Outside of NVDA, both Mick and I have spent a great deal of time testing Mozilla Firefox 3. We have filed several significant bug reports relating to accessibility, some of which have resulted in noteable improvements to Mozilla accessibility, sometimes not just for NVDA, but for other assistive technologies as well. We have continued to attend meetings and contribute to the IAccessible2 effort. Due to the increasing number of external issues we are reporting and tracking, we have started the ExternalBugs wiki page to list and provide links to all of these reports.

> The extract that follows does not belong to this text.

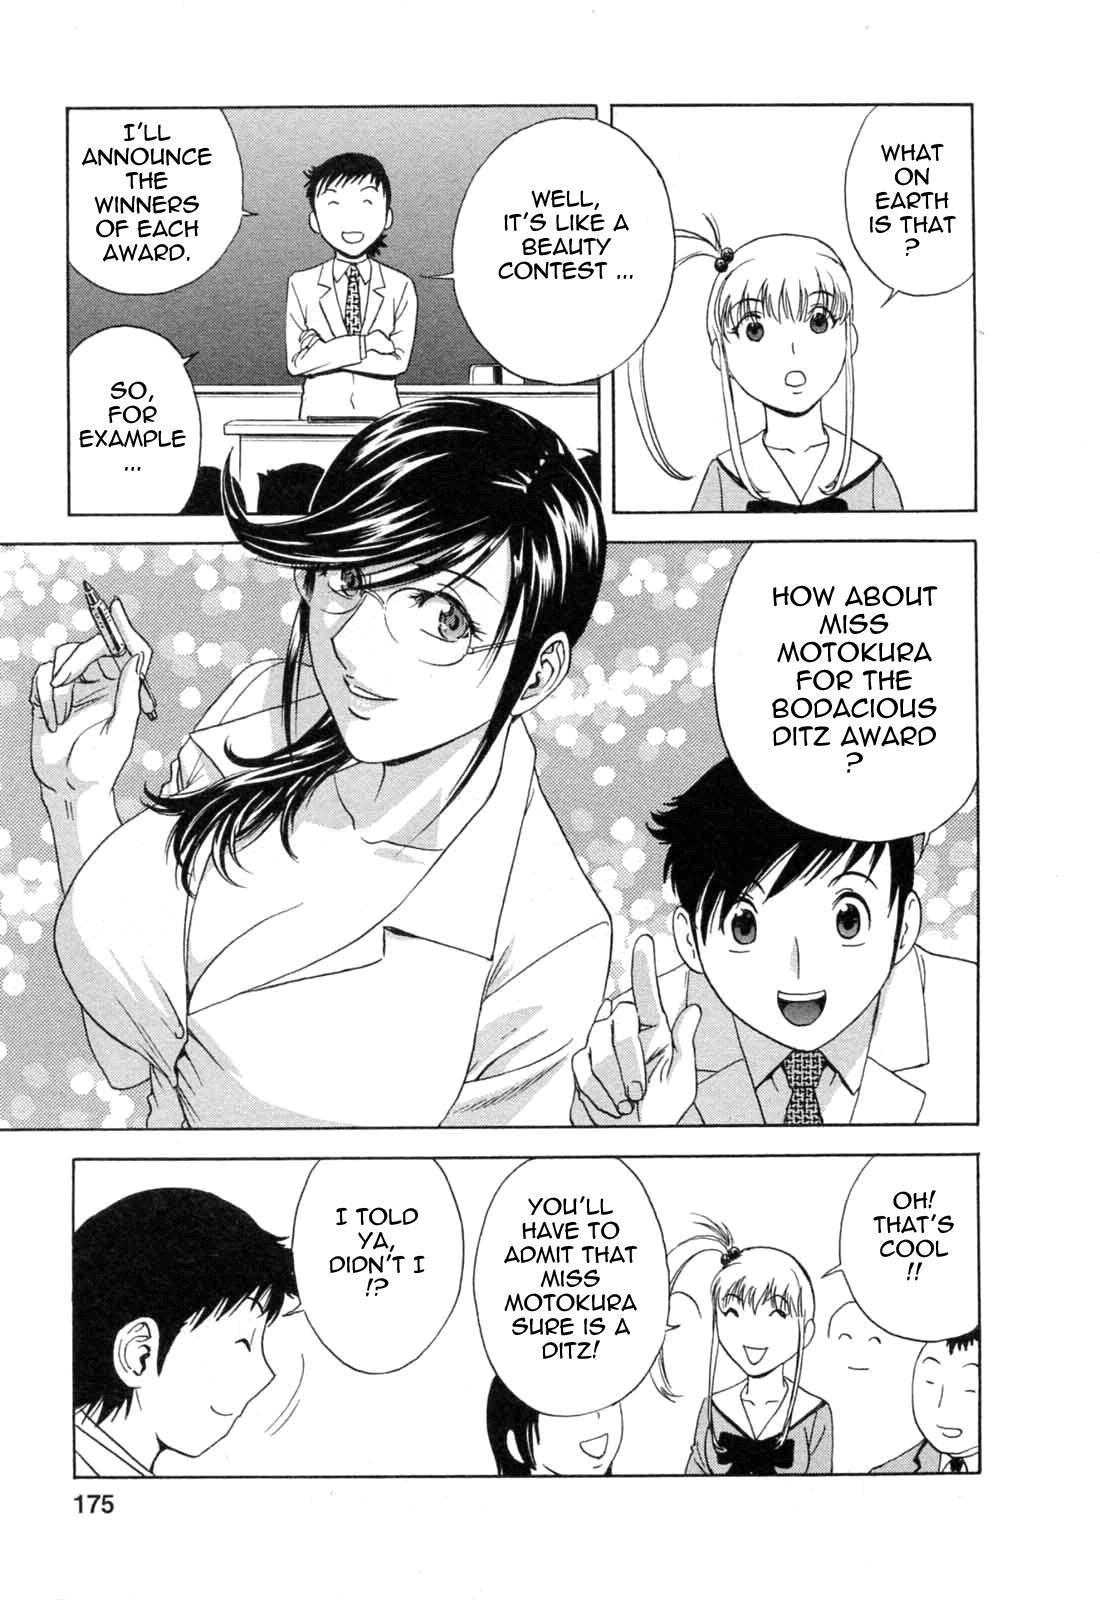 [Hidemaru] Mo-Retsu! Boin Sensei (Boing Boing Teacher) Vol.5 [English] [4dawgz] [Tadanohito] 173

Although Mick and I talk via phone on a daily basis, we decided in a recent discussion that we will meet in person for another NVDA hack fest some time in June. We have plans for some major improvements to the core of NVDA; specifically, the creation and handling of NVDAObjects. Topics such as proper support for tables and future plans will also be covered. We will probably make another 0.6 preview release some time over the next few months. I will then embark on implementing support for braille in NVDA.
New virtualBuffers now in NVDA, and fun with lines
Since my last blog post on the web access grant a lot has happened in regards to this stopic. A few features talked about in previous postings for the storage code have been implemented, but most importantly, I have taken that next step of actually completely integrating the storage code in to NVDA and now giving myself and other NVDA developers the choice of using the new code to interact with Gecko 1.9 documents (such as Ff3 and ThunderBird?3).
The last post I talked about the fact that Jamie and I had talked about allowing arbitrary properties on nodes in the buffer, rather than just locking it down to just role, value, states, keyboardShortcut and contains. Well, this has been achieved, so now functions such as addTagNodeToBuffer and findBufferFieldIDByProperties take an array of attributes (name and value pares), or sometimes name and multiValue pares, if using findBufferFieldIDByProperties to search on multiple values of a given property. There are still particular properties of a node which have their own specific member variables (such as ID, and some other new ones that are generic to nodes or tagNodes)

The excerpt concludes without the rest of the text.